[Intel-gfx] [PATCH 5/8] drm/i915: Double check hangcheck.seqno after reset

Mon Oct 3 14:01:40 UTC 2016

On Mon, Oct 03, 2016 at 04:14:39PM +0300, Mika Kuoppala wrote:
> Chris Wilson <chris at chris-wilson.co.uk> writes:
> 
> > Check that there was not a late recovery between us declaring the GPU
> > hung and processing the reset. If the GPU did recover by itself, let the
> > request remain on the active list and see if it hangs again!
> >
> 
> Did you see this in action? Makes sense to recheck
> after reset. I don't remember how TDR will deal with multiple
> reset on the same engine but we should start tracking the seqno
> that cause it and make sure we don't get stuck by replaying the same.

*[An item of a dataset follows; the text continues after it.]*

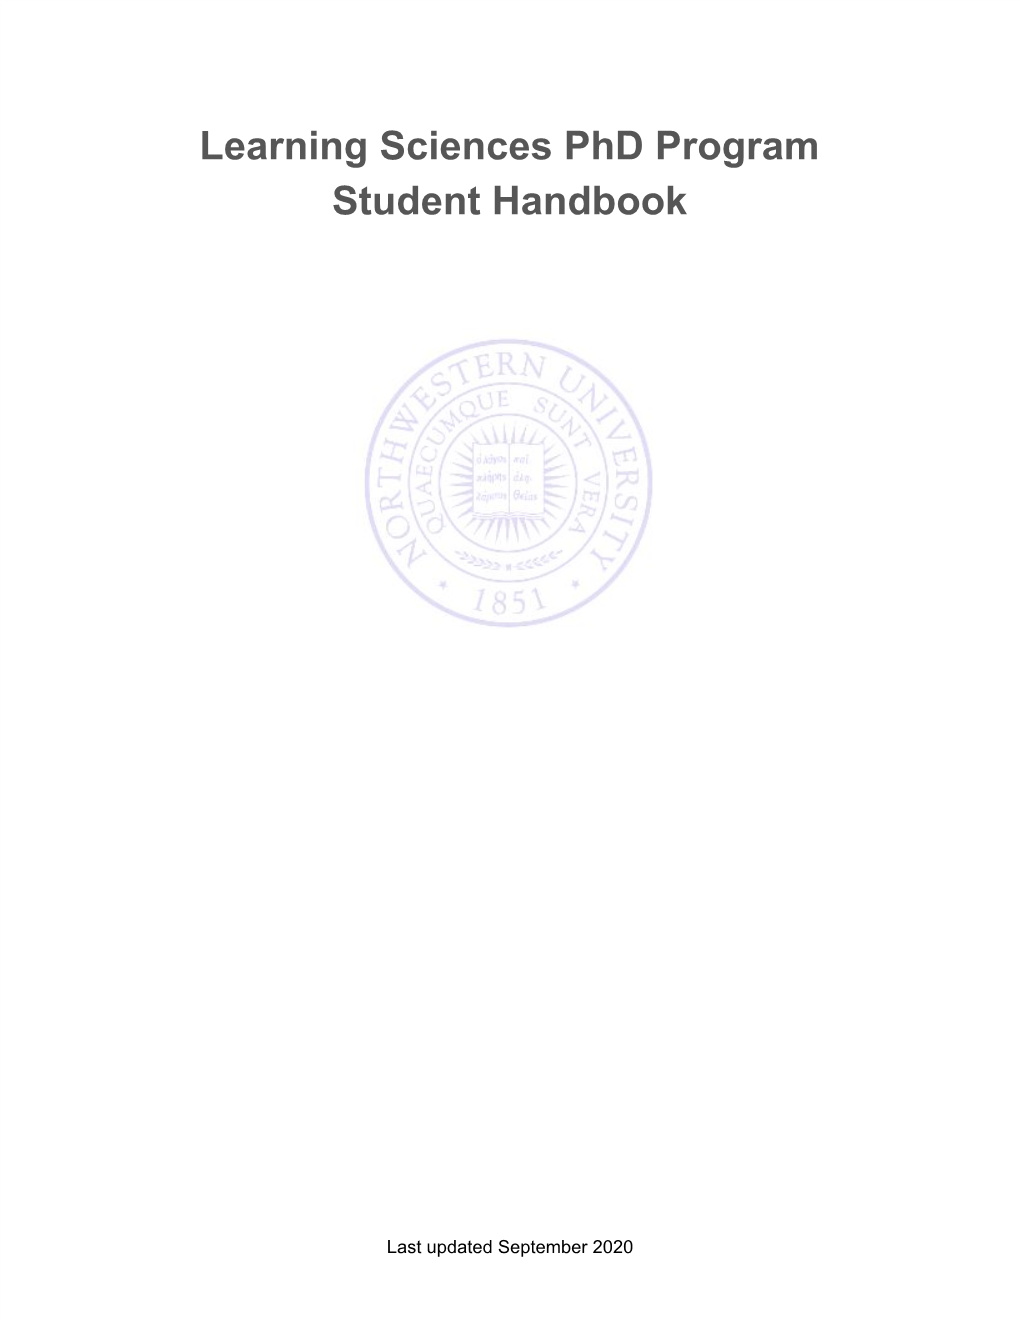 Download the Phd in Learning Sciences Handbook

Not observed. All my testing is with true hangs, not slow batches at
~hangcheck interval, i.e. nothing that would unstick between us
detecting the hang and sending the reset request.

> Do we check the banning on resubmission and/or do we trust that
> the breadcrumb update always succeedes?

Breadcrumb update has to succeed as we are not the only observers.
Issuing it from the GPU is the only way we can do the reset without
shooting ourselves in the foot with nasty races (and general explosions
from use-after-free).

> I envision that if we get multiple resets on same seqno, we
> just write the breadcrumbs through cpu and move on. But let's
> hope we don't need to and the gpu breadcrumps are always enough.

Can't do. The only time we can take over with the GPU is if we declare
the machine wedged and drain everything and all observers (including
external). That is quite impractical. :|
-Chris

-- 
Chris Wilson, Intel Open Source Technology Centre